Thursday, July 22, 2010

Dark = Artistic?!

Yesterday, while cruising across Fresno to pick up a pizza - which, yes, I ordered over the Internet, thus finally confirming all my wife's fears that had been inflamed by Sandra Bullock's 1995 thriller, "The Net" - I was listening to NPR's "All Things Considered" and caught the tail end of some commentary by Andrew Wallenstein on scripted cable shows:
Cable hasn't entirely lost its artistic streak. AMC is keeping the flame burning with the likes of "Mad Men" and "Breaking Bad." But "The Closer" and "Royal Pains," they get like three times the ratings.
I quickly Tweeted a note to my readers (and myself):
Did NPR just say that "dark equals artistic"? Huh?
BTW, if you'd like to read my Twitter feed, my handle is "akapastorguy".

Back to my story... so, this morning, I pulled by NPR's website & checked the transcript of the commentary to make sure I'd heard him correctly. And I did.

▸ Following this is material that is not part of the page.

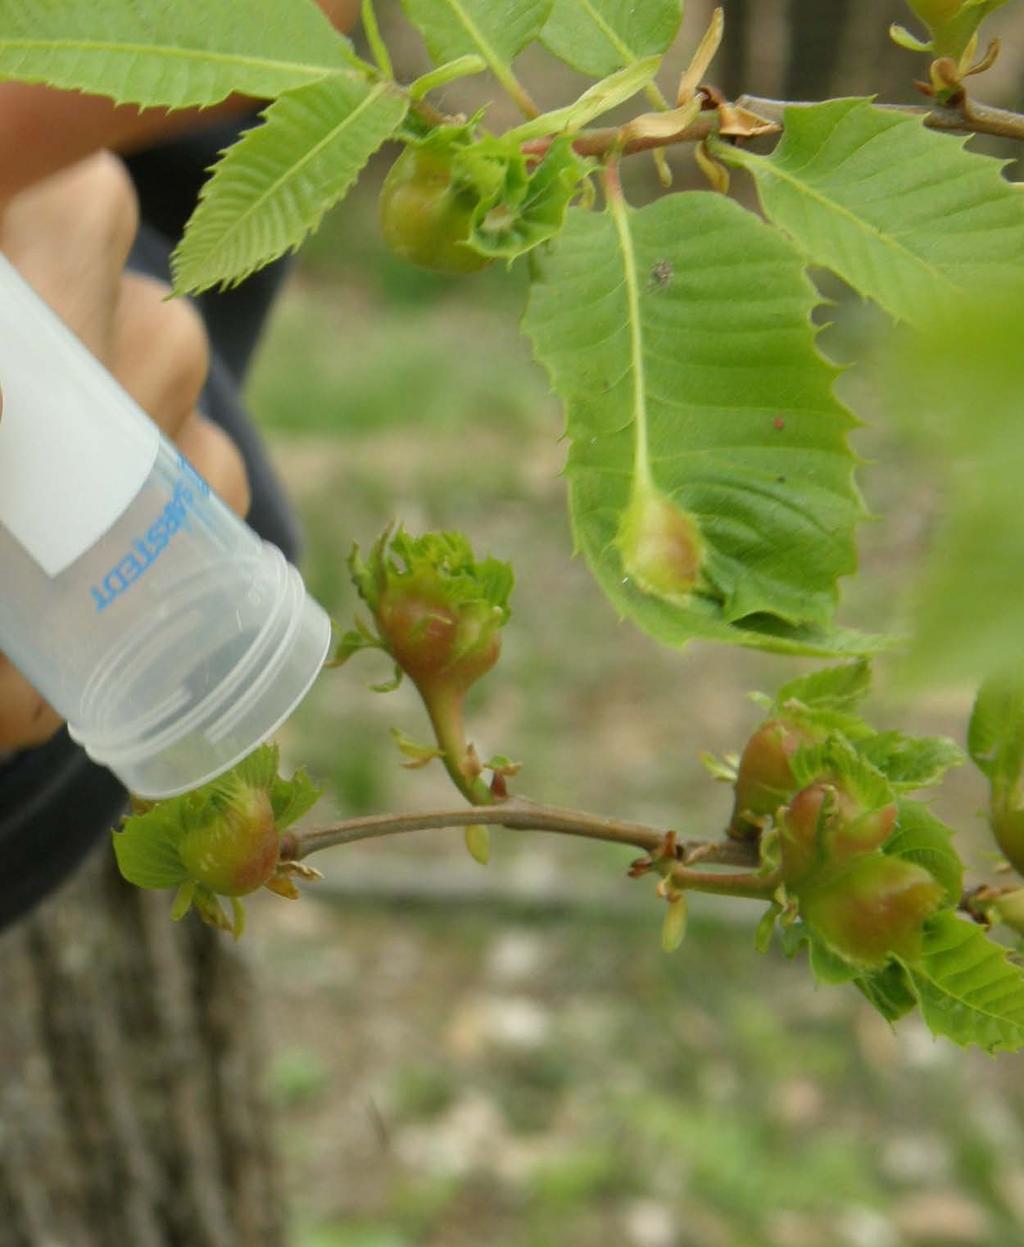 Chestnut tree gall wasp El Bierzo, Leòn 2014 Why is biological control is a better method?

There's two underlying assumptions in the the lines I quoted above that really set me off:
  • First, the implied argument that "Mad Men", "Breaking Bad", and "The Shield" (mentioned earlier in the piece) are good because they are gritty & dark in tone... and not bland detective or medical shows. (After reading the whole piece, I realize that Mr. Wallenstein is attempting to prove that cable programming is becoming derivative & staid - but I still think the particular shows he chose to illustrate his point underline the "darker is gooder" critical viewpoint.
  • Second, the other implied argument is that shows that get better ratings must be, by definition, less artistic than shows which get lesser ratings. While this may be true at times (and at this point it's time to highlight something like "Two & A Half Men"), this isn't a hard & fast rule of thumb - and it's a lousy principle to use for evaluating the subjective artistic worth of any kind of work, be it television, literature, movies or music.

Finally, "artistic" is such a loosey-goosey word to use here - it's vague & subjective & used primarily to "bless" things you like, often in opposition to things that you do not like. (The word "fundamentalist" serves a similar function in religious journalism, except as a pejorative "curse".)